For disabled interrupts you mean that the VRING_AVAIL_F_NO_INTERRUPT
flag is set or really your s390 replacement to cli?
If it's just the flag you can ignore it in the host (virtio-net.c).
btw: I didn't see any VRING_USED_F_NO_NOTIFY on the guest side.
It is only for optimizations so just put it on your todo list.
>
> Good message: it was slow, but I saw a login prompt ;-)

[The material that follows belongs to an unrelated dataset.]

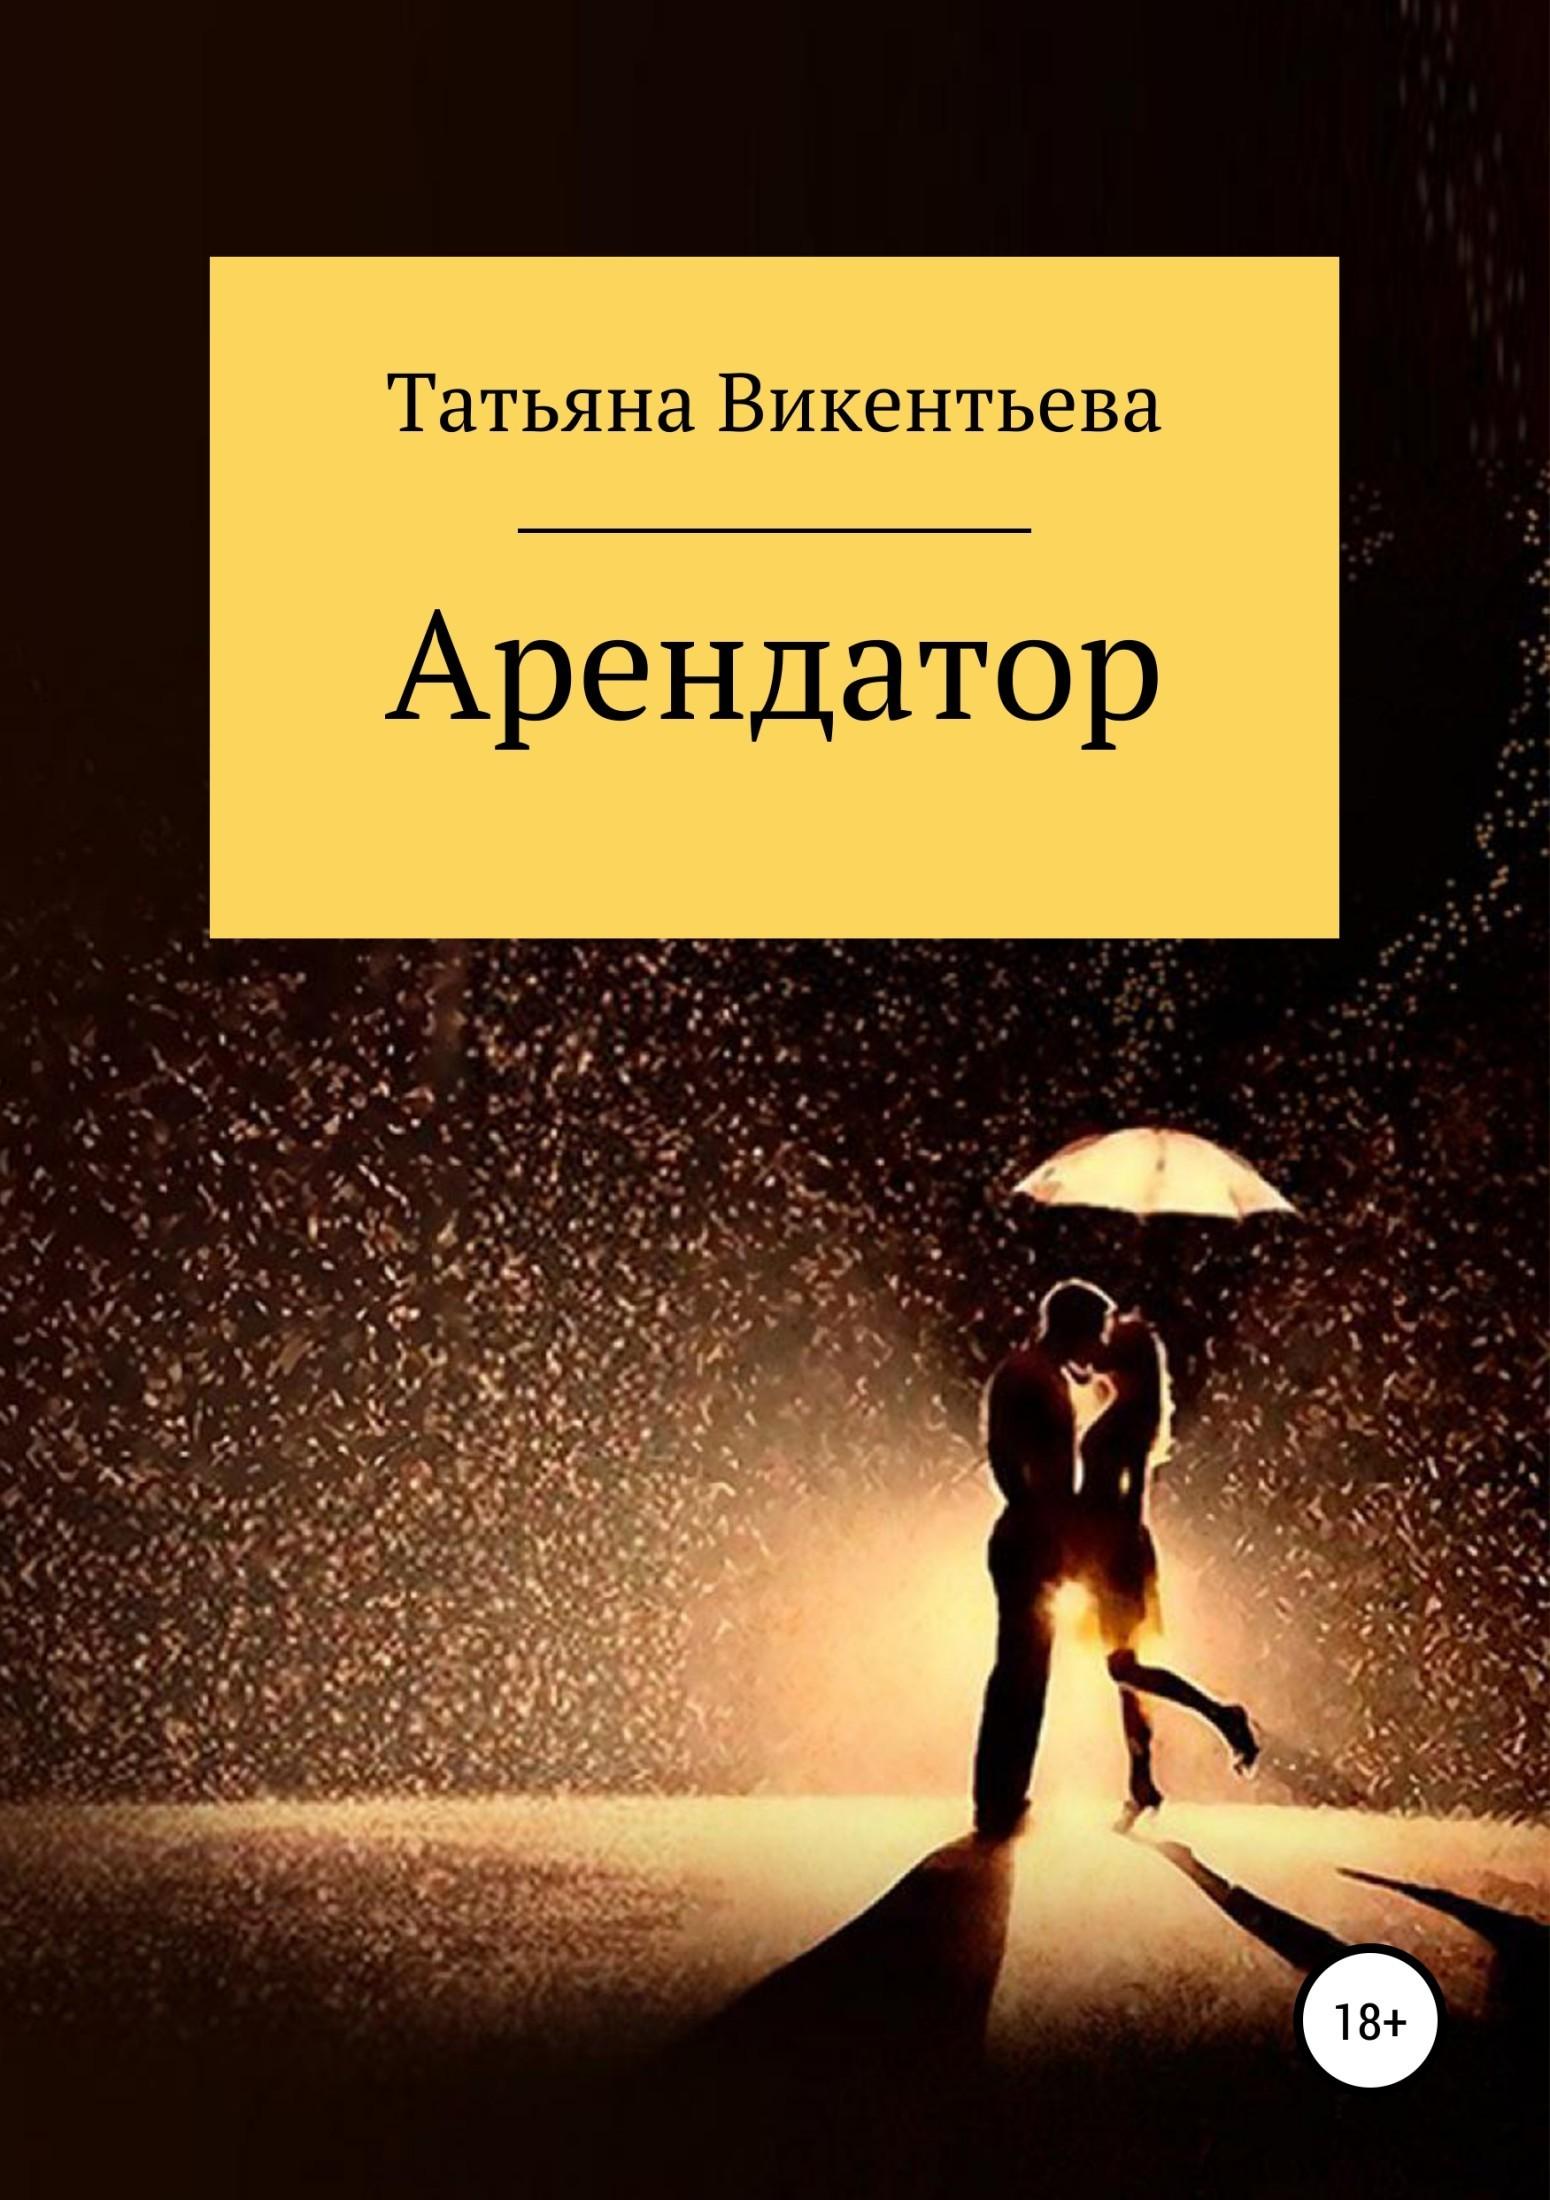 цена на Татьяна Трофимовна Викентьева Арендатор

> here a guest "cat /proc/cpuinfo"
> cat /proc/cpuinfo
> processor : 0
> cpu : unknown (00000000)
> clock : 666.666660MHz
> revision : 0.0 (pvr 0000 0000)
> bogomips : 2490.36
> timebase : 666666660
> platform : Bamboo
>
> That means once we found the reason for that staving virto-net device we
should have a basic working linux guest.
>
> P.S. added virtualization at lists.linux-foundation.org (this time) to get
any virtio-net related suggestions from there too
>
> plain text document attachment (virtio-net-poll-on-timer)
> Subject: [PATCH] kvmppc virtio-net: workaround for lost interrupt/polling
>
> From: Christian Ehrhardt <ehrhardt at linux.vnet.ibm.com>
>
> This patch is (atm) just a debug workaround. The issue is that virtio-net
> works fine for a while but then "something" happens and we see
neither
> vp_interrupts nor calls to virtnet_poll anymore.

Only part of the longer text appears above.